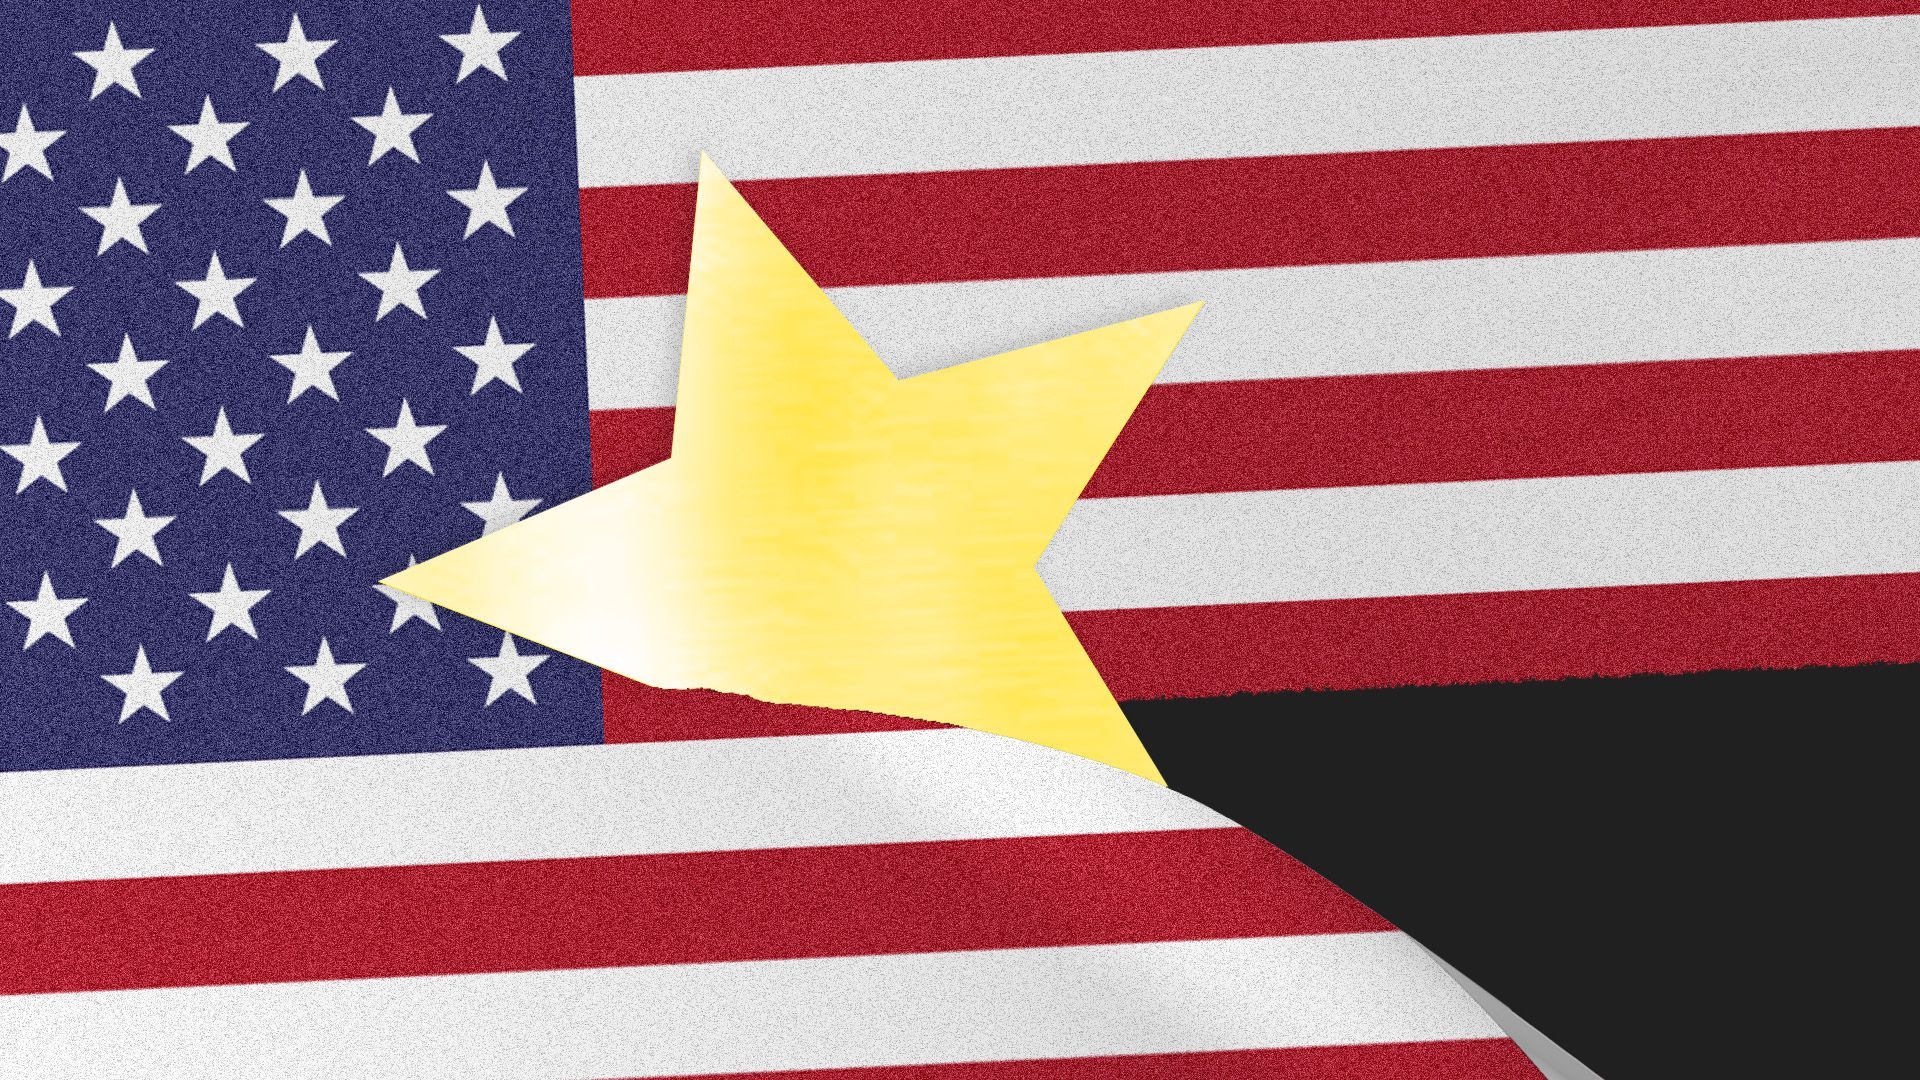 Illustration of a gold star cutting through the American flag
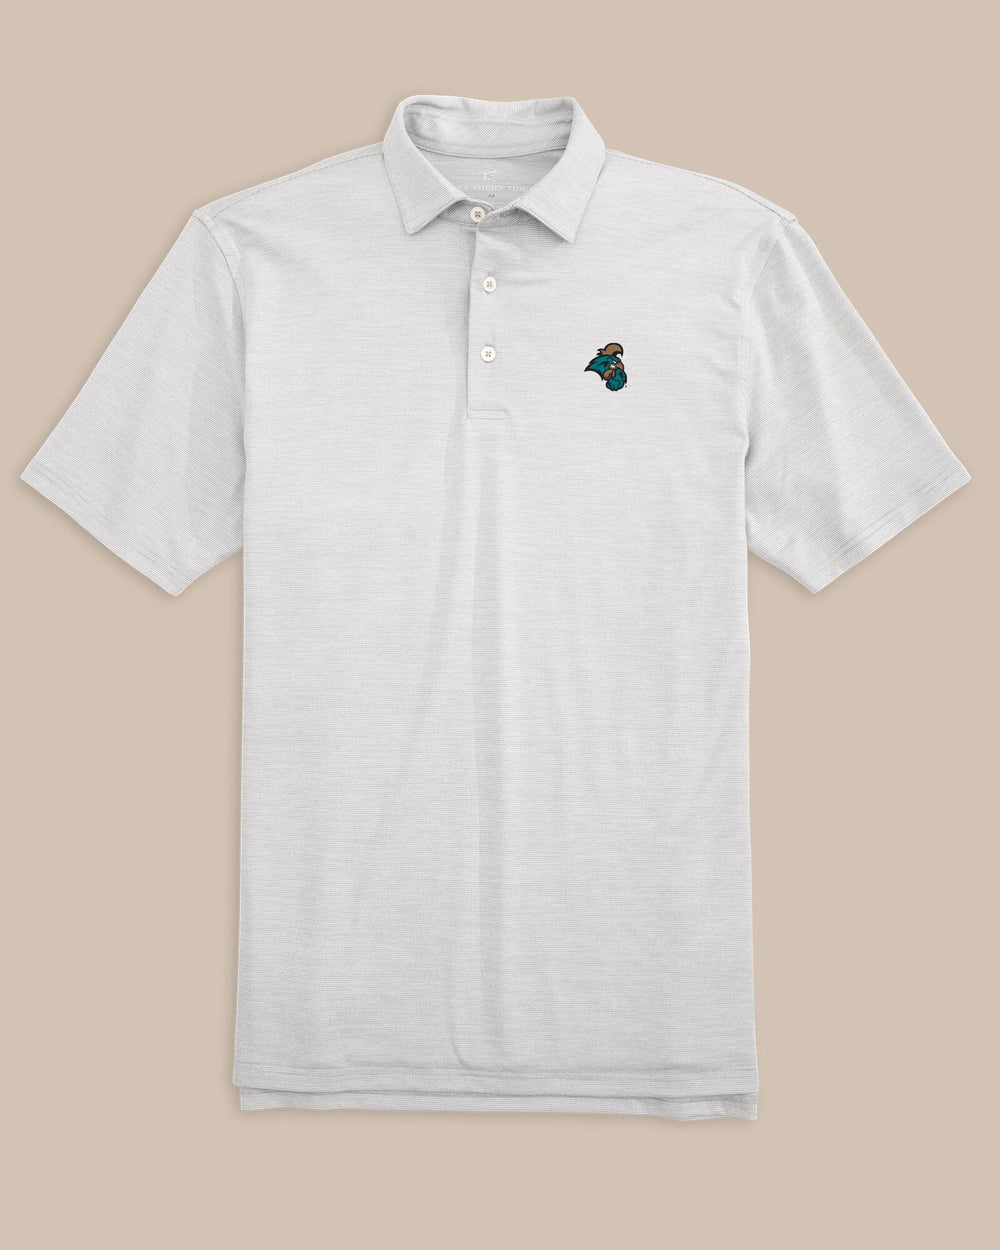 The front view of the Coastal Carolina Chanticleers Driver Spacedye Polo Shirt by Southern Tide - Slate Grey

---

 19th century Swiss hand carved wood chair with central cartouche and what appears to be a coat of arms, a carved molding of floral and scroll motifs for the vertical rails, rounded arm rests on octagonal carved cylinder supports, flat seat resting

* * *

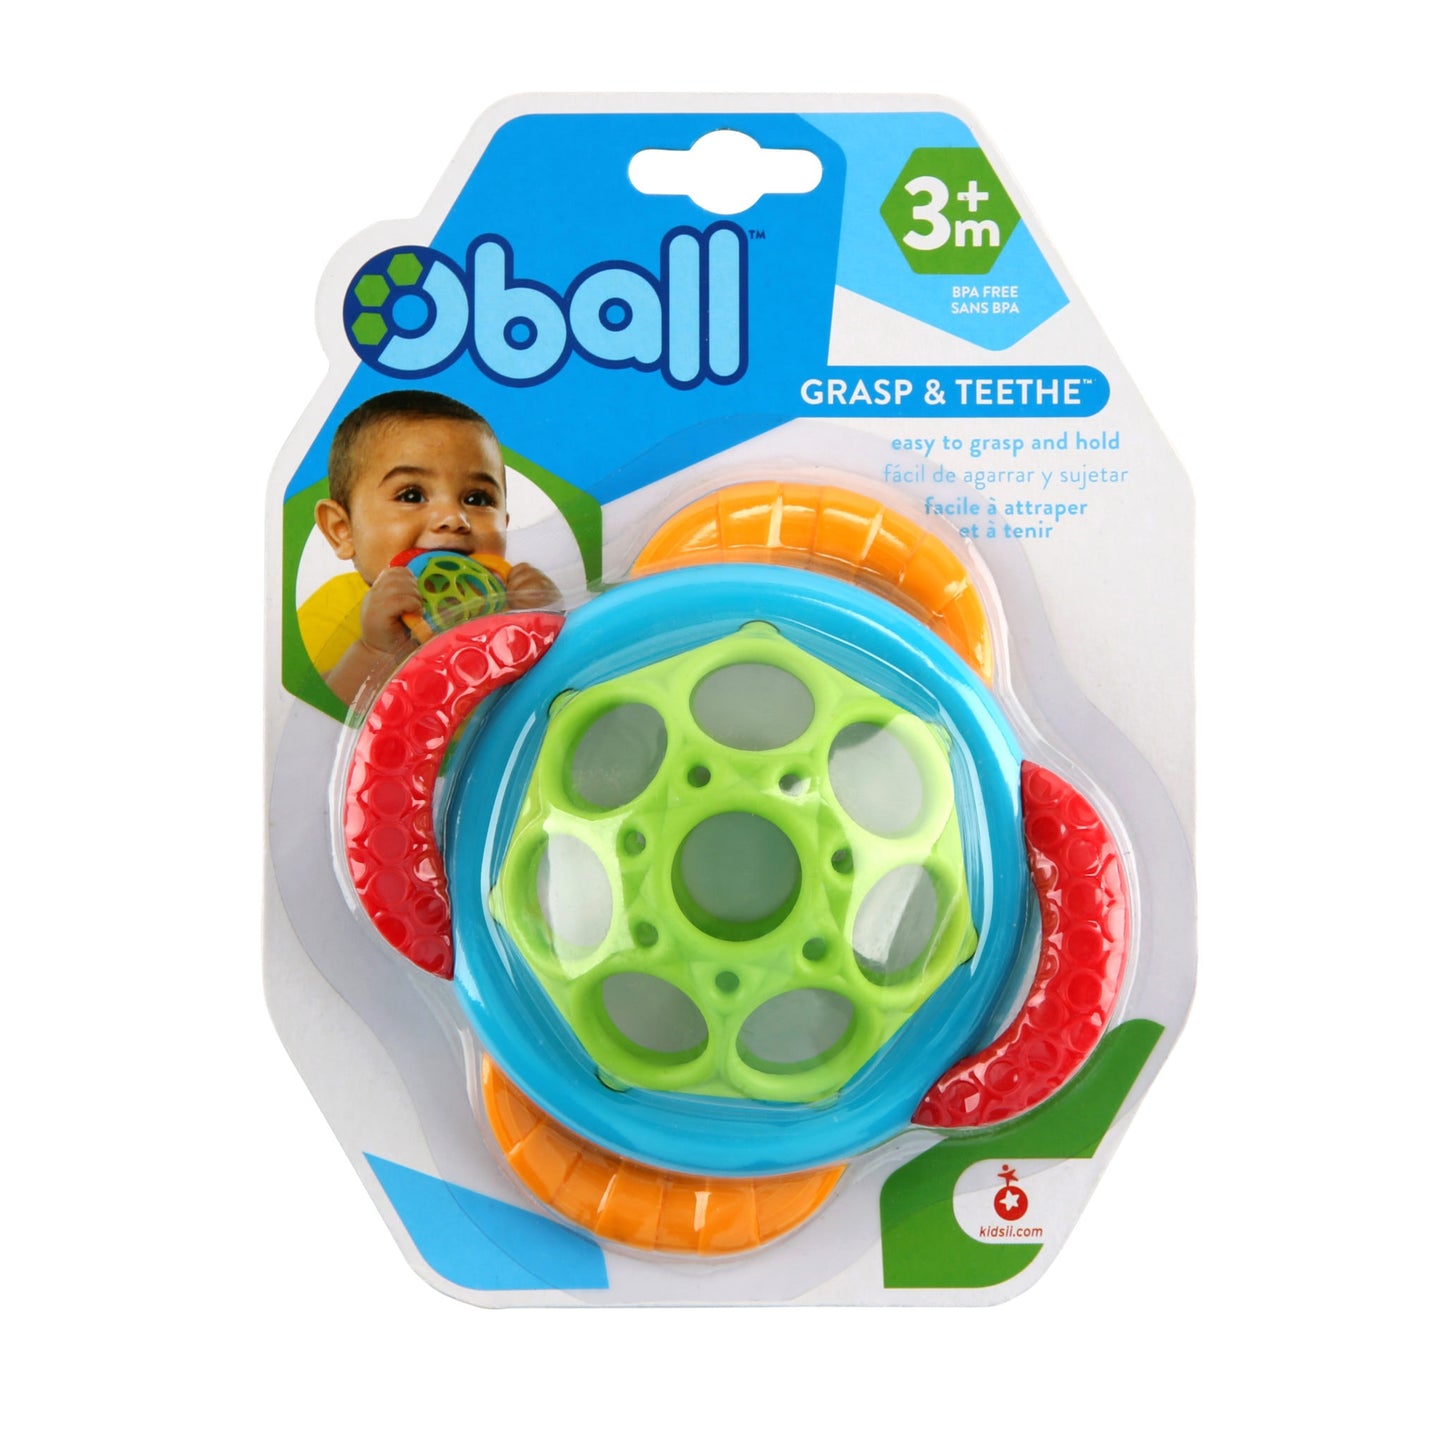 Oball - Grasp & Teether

> Aim of the exercise
Output exactly the lines above, from the line with "Illustration of a" to the line with "The front view", both included; skip the pictures.

> Result of this exercise
 Illustration of a gold star cutting through the American flag
 The front view of the Coastal Carolina Chanticleers Driver Spacedye Polo Shirt by Southern Tide - Slate Grey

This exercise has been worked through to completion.